Police Law Blog European Decisions Statutory Materials

Arrest for lawful acts

The recent decision of Holmes v CC Merseyside Police [2018] EWHC 1026 (QB) confirms the power of the police to arrest individuals who are not acting unlawfully. It relies on the earlier case of CPS v McCann [2015] EWHC 2461; [2016] 1 Cr. App. R. 6, which held that an arresting officer was acting in the execution of their duty when making an arrest notwithstanding that their suspicion that that offences were being committed being mistaken.

McCann was relied upon in the case of Ahmed v CPS [2017] EWHC 1272 (Admin), which held that an officer had acted lawfully in arresting a person whom they believed to be in breach of an behaviour injunction, where the order had not been validly made and so was of no effect.

The judgment in Ahmed was rather brief being only eleven paragraphs long and given ex tempore. The case of Holmes is more detailed, being an appeal from an order striking out the claim. In brief, Mr Holmes, described as an inveterate campaigner against nuclear power, held a one-man protest on a footbridge on private land. Police officers physically escorted Mr Holmes on to public land after which he pushed past them and ran back. He was arrested for obstructing an officer in the execution of his duty and, five minutes later, further arrested for a breach of the peace and for aggravated trespass.

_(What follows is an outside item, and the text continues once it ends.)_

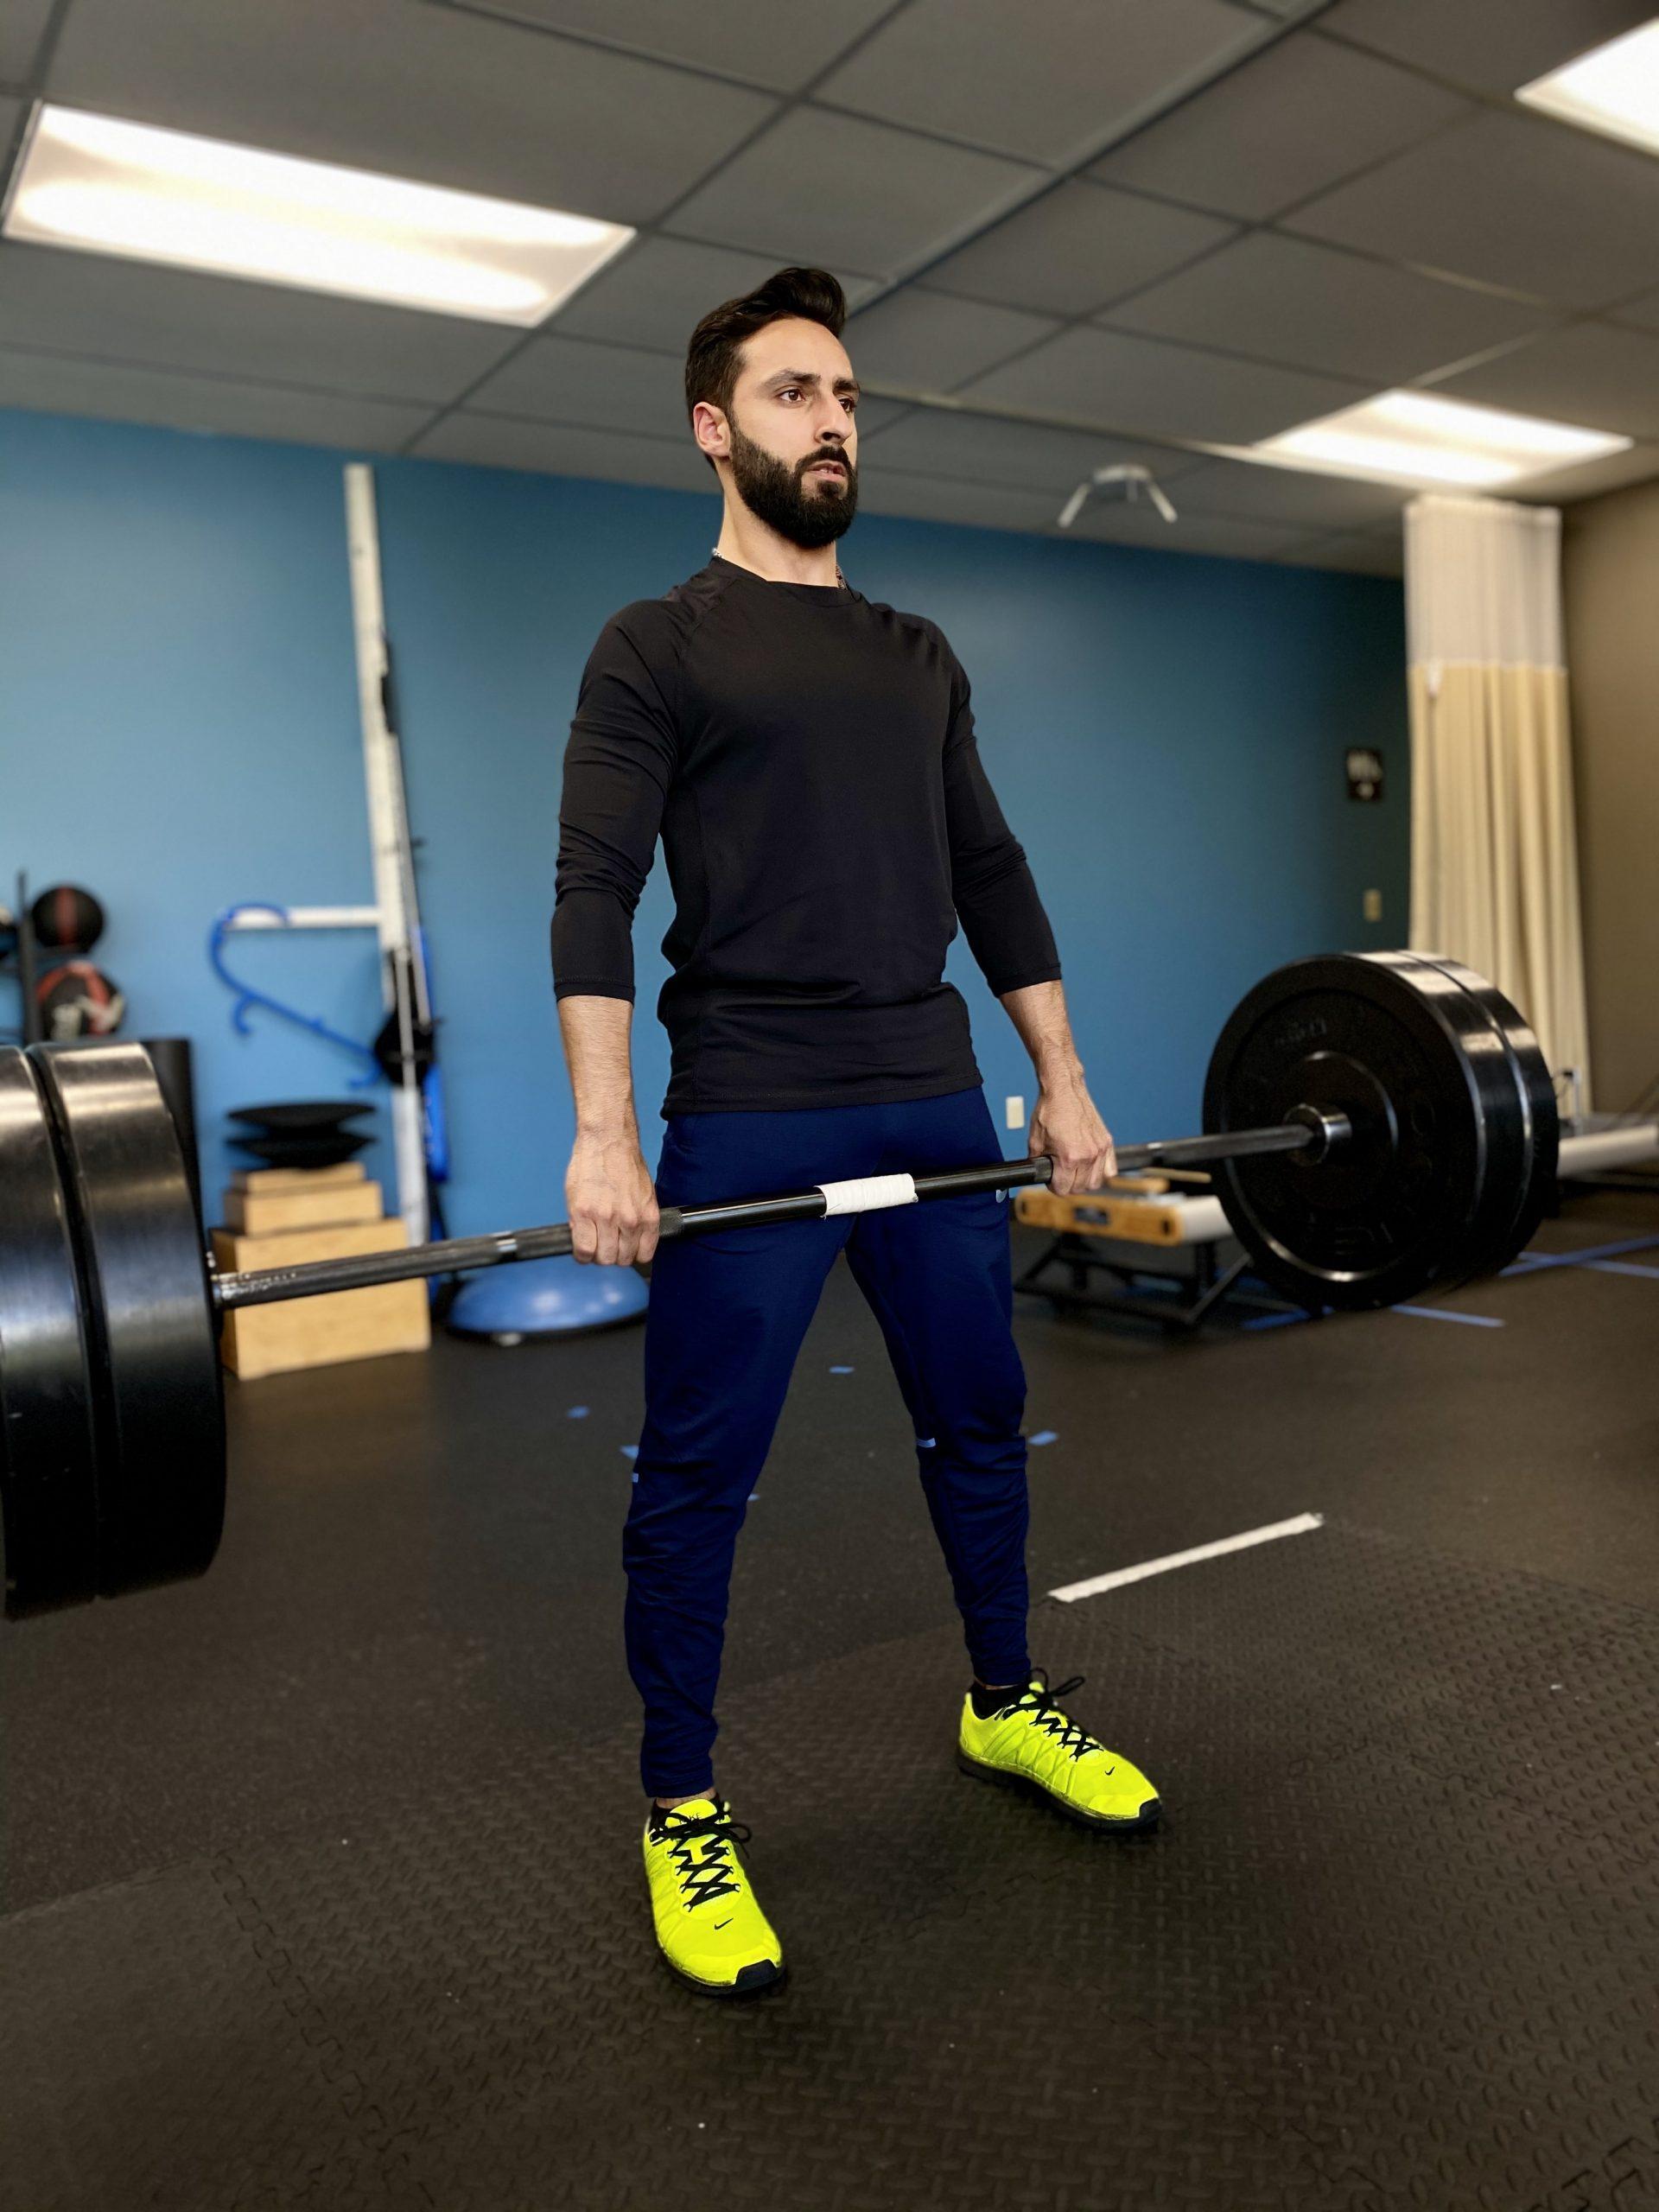 Dr. Ashok Bhandari lifting weights in a gym

The Claimant submitted that although the landowner had informed the police that protest was not permitted on his land, the police had no right enforce a landowner’s wish to keep people off their property. There was merely a right to assist a landowner in removing those who were trespassing or where an offence under the Public Order Act 1994 might be committed. The officers had no right to remove the Claimant from the private land or to prevent his return to it. The Defendant’s case was that the arrest was lawful. The Claimant had been given a warning and escorted off the private land. His response was to use violence in pushing past the police officer and then returning to his original position. The Defendant submitted, relying to McCann, it did not matter whether the officer’ grounds for believing that he had a right to prevent the Claimant from returning to the original place was correct.

The court agreed with the Defendant, stating that the case was closely analogous to McCann. The Claimant had no reasonable prospect of establishing that the arresting officer did not genuinely and reasonably believe that he had the justification to arrest him. The officer clearly considered that he had a duty to remove the Claimant from the place of protest and to prevent his returning there. Even if the officer had been misinformed by his senior officers that the Claimant had no right to be on the private land, it was clearly established that his belief to the contrary was genuinely and reasonably believed. The Claimant was therefore obstructing him in the execution of his duty.

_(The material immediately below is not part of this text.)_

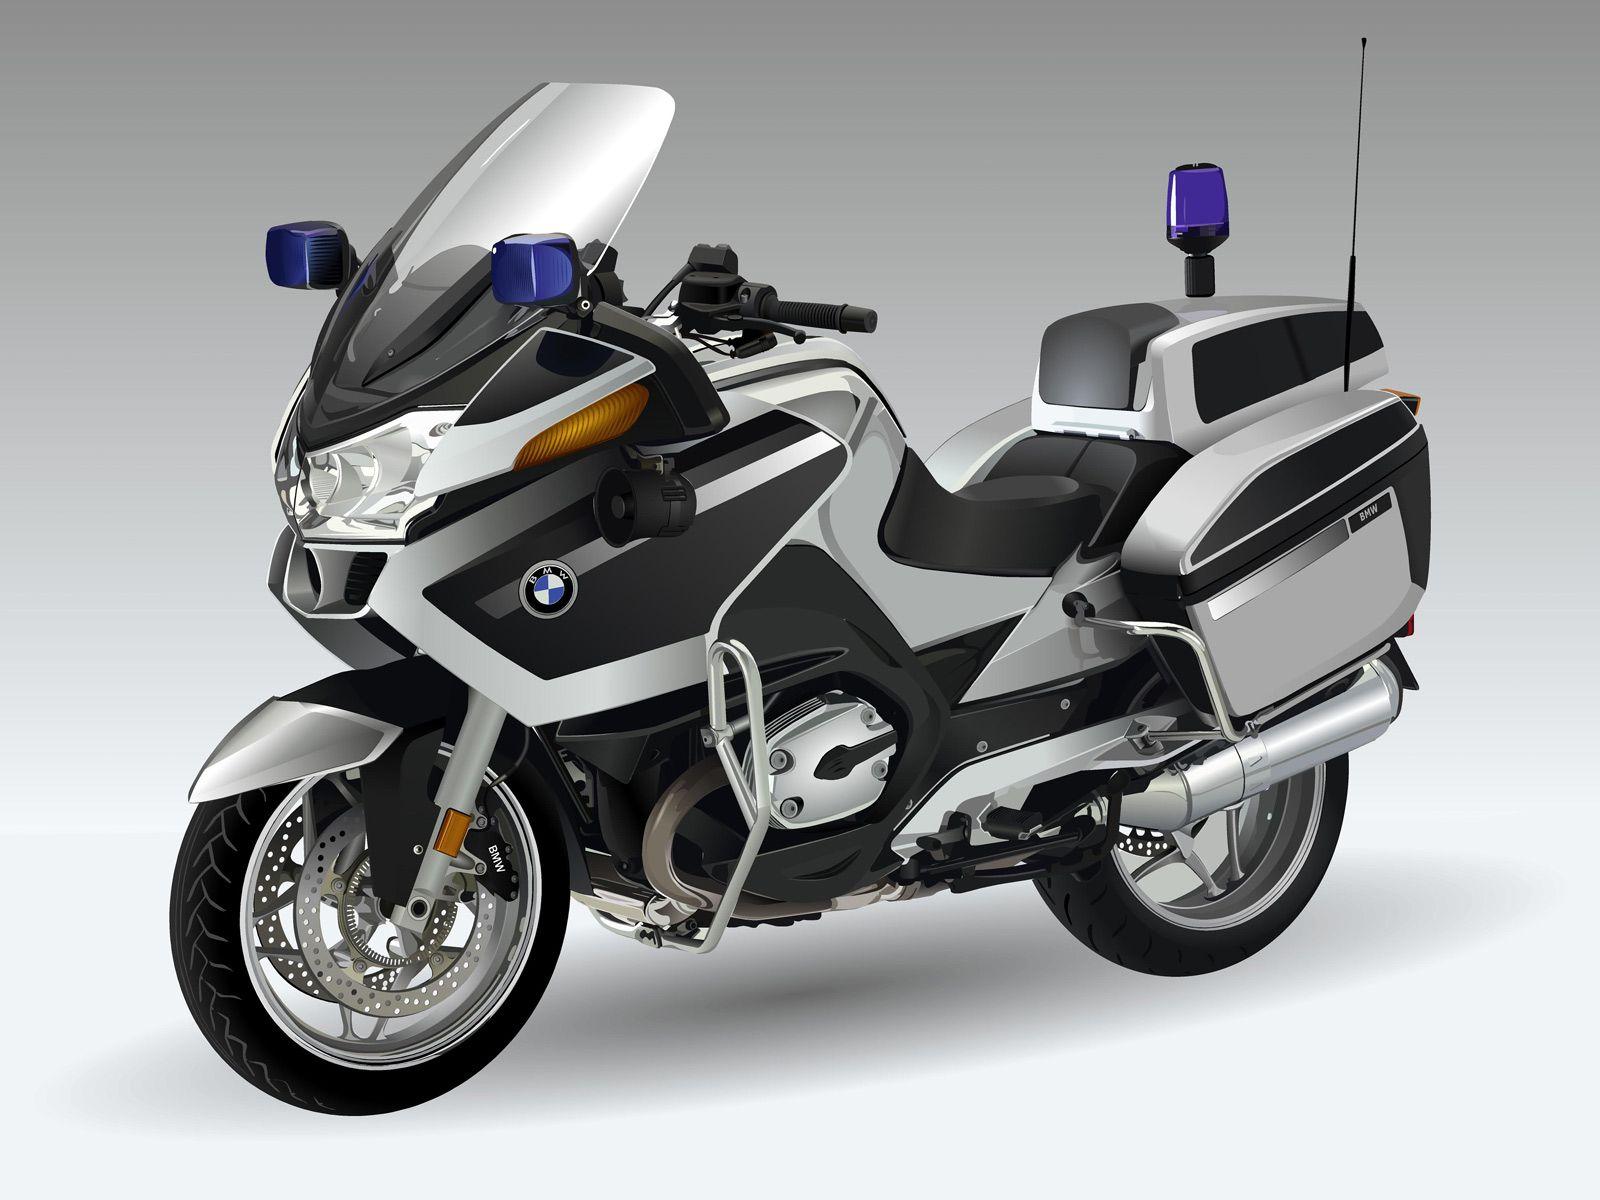 bmw police motorcycle [ 1600 x 1200 Pixel ]

This confirms that police officers have very wide powers. The judgment made reference to the statement in Rice v Connolly [1966] 2 QB 414 that “it is part of the obligations and duties of a police constable to take all steps which [reasonably] appear to him necessary for keeping the peace, for preventing crime or from protecting property from criminal injury.”

McCann reasserted that a police officer does not have to tell the person the offence for which they are being arrested – rather than telling them the act for which they are being arrested. At paragraph [28], the judgment stated that it was not an essential condition of lawful arrest that a constable should formulate any charge at all, much less a charge which may ultimately be found in an indictment. Further to this, it also stated at [31] that it was not necessary for an officer to have the correct offence in mind at the time they give a direction to move-on or make a decision to arrest.

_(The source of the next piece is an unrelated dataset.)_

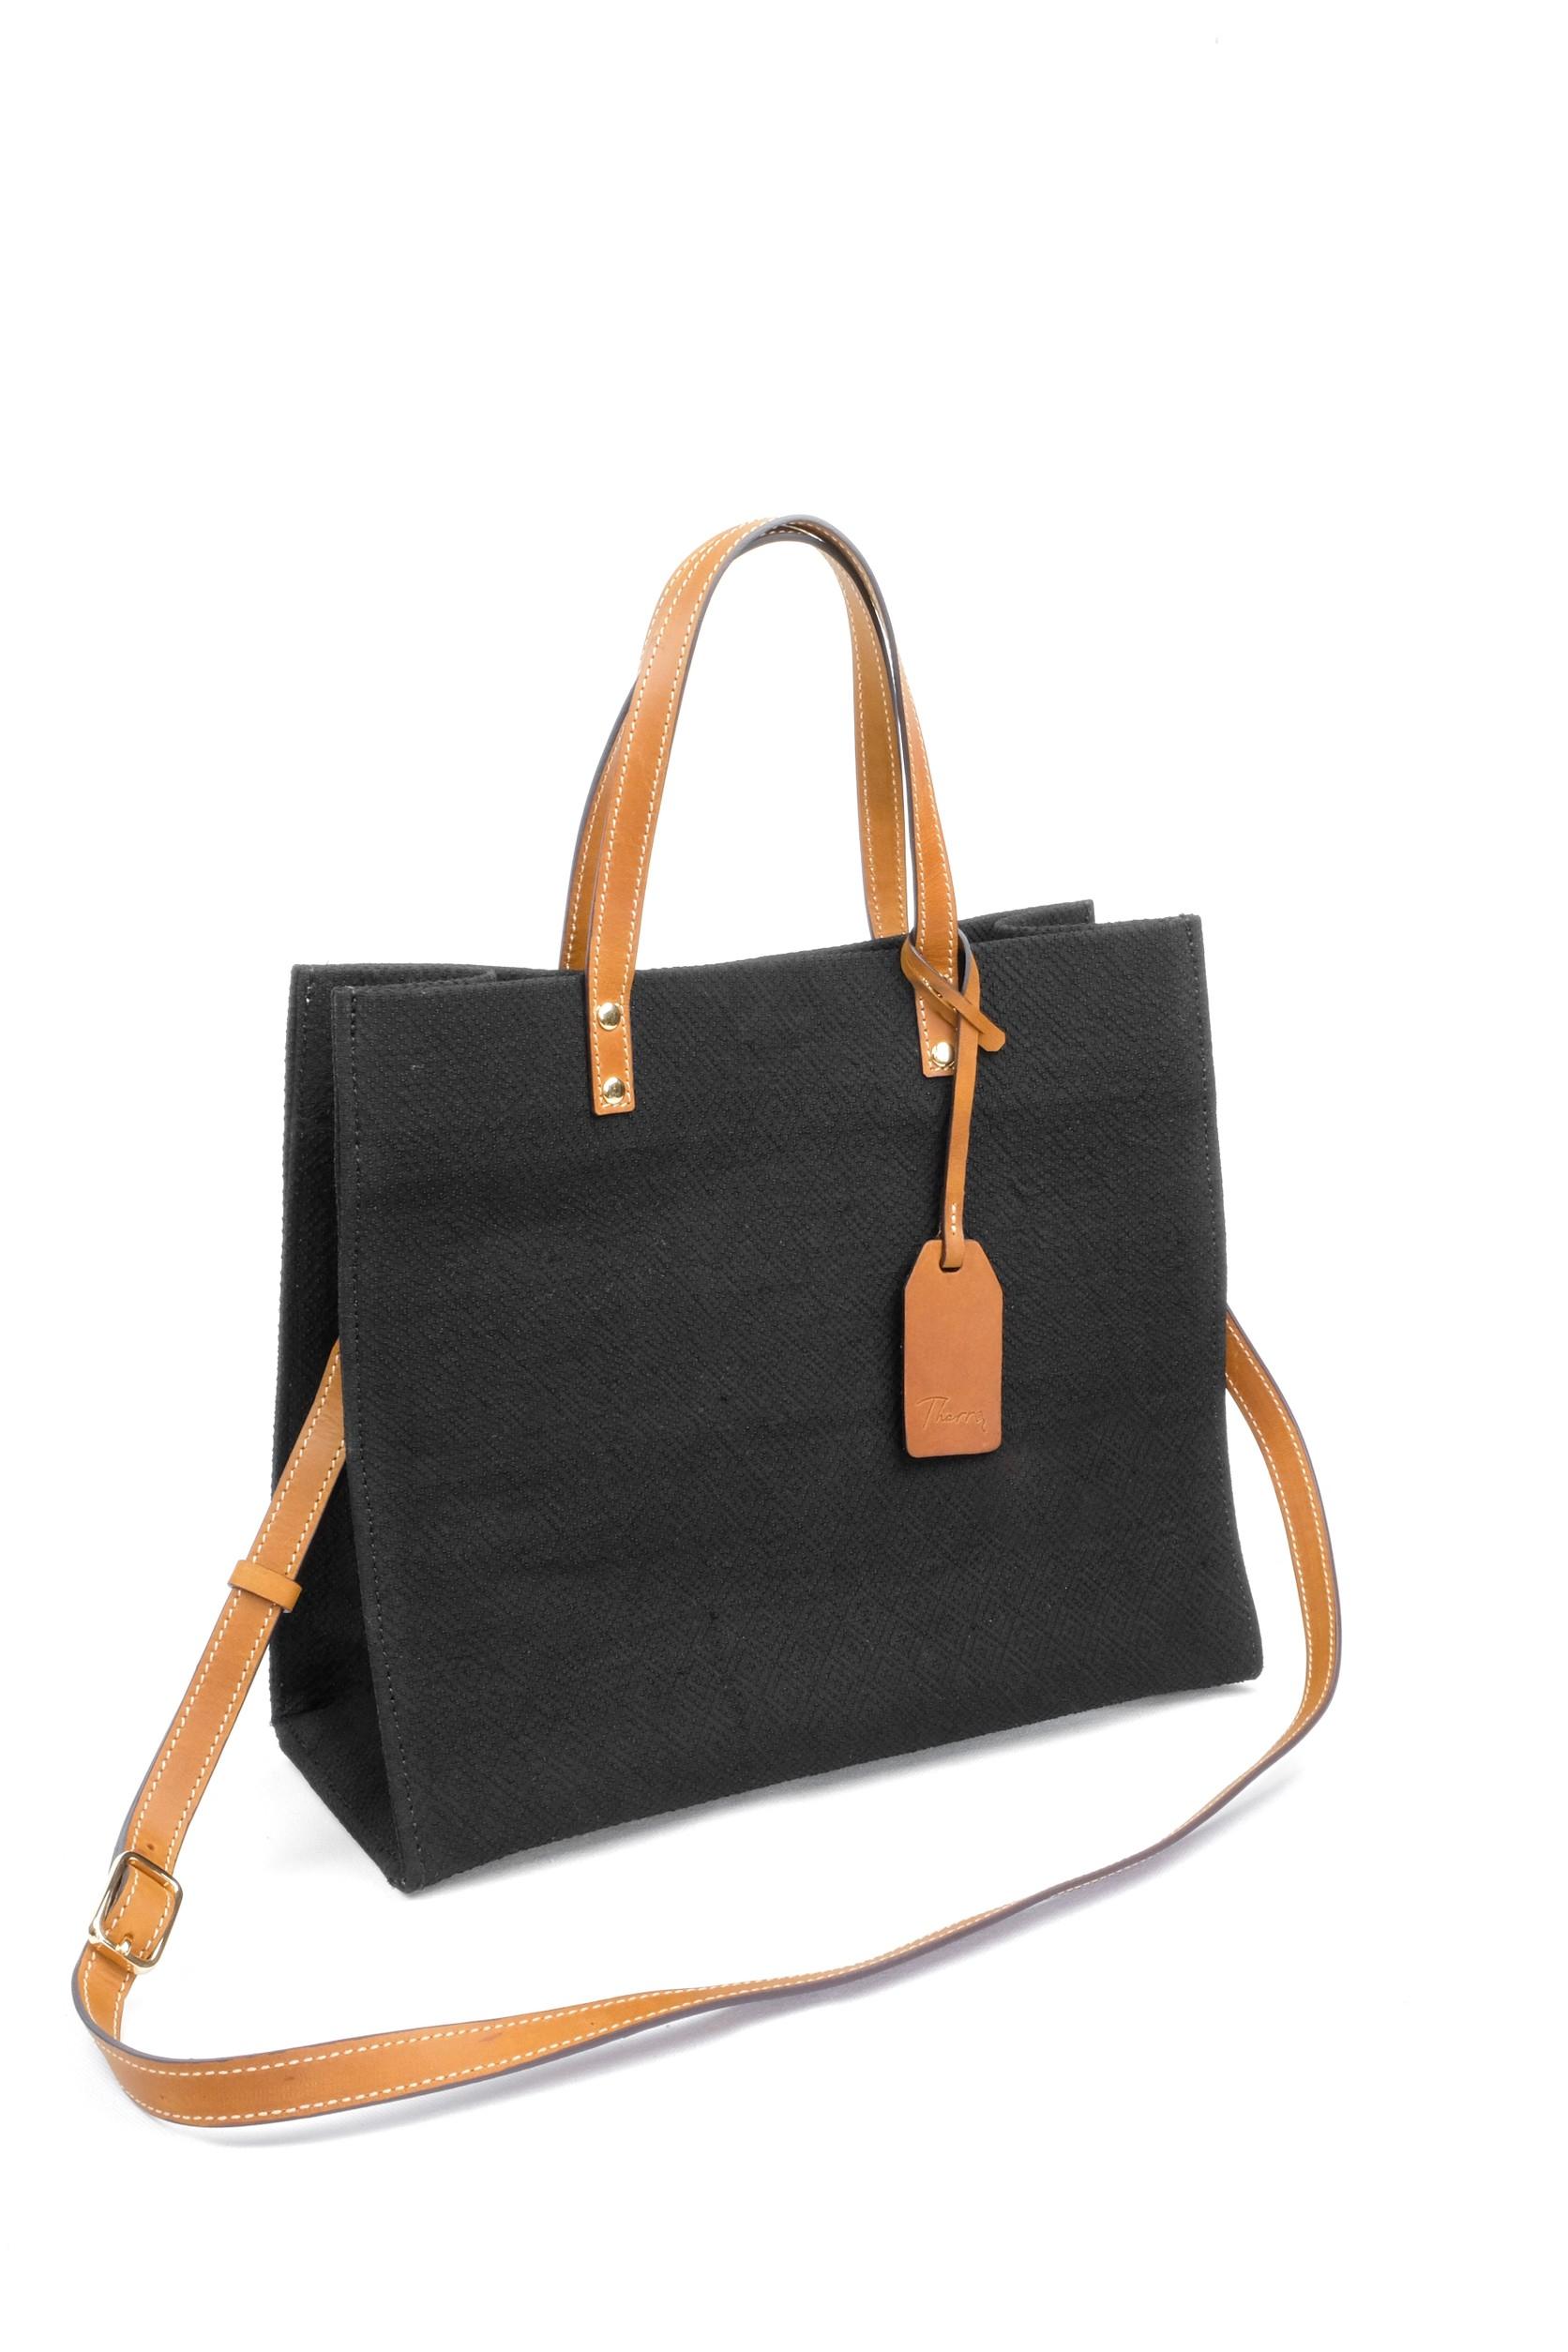 Lookkeaw bag limited

In relying upon this in Holmes, the High Court has confirmed that an officer may be acting in the execution of their duty if they exercise police powers either to prevent a breach of the peace or, alternatively, to prevent crime even where no unlawful act is being committed or where they have no specific and correct criminal offence in mind. Whether the Court of Appeal considers this confers too much power upon police officers remains to be seen. For now, however, to the benefit of defendant Chief Constables and the chagrin of claimants, this line of authority is solidifying.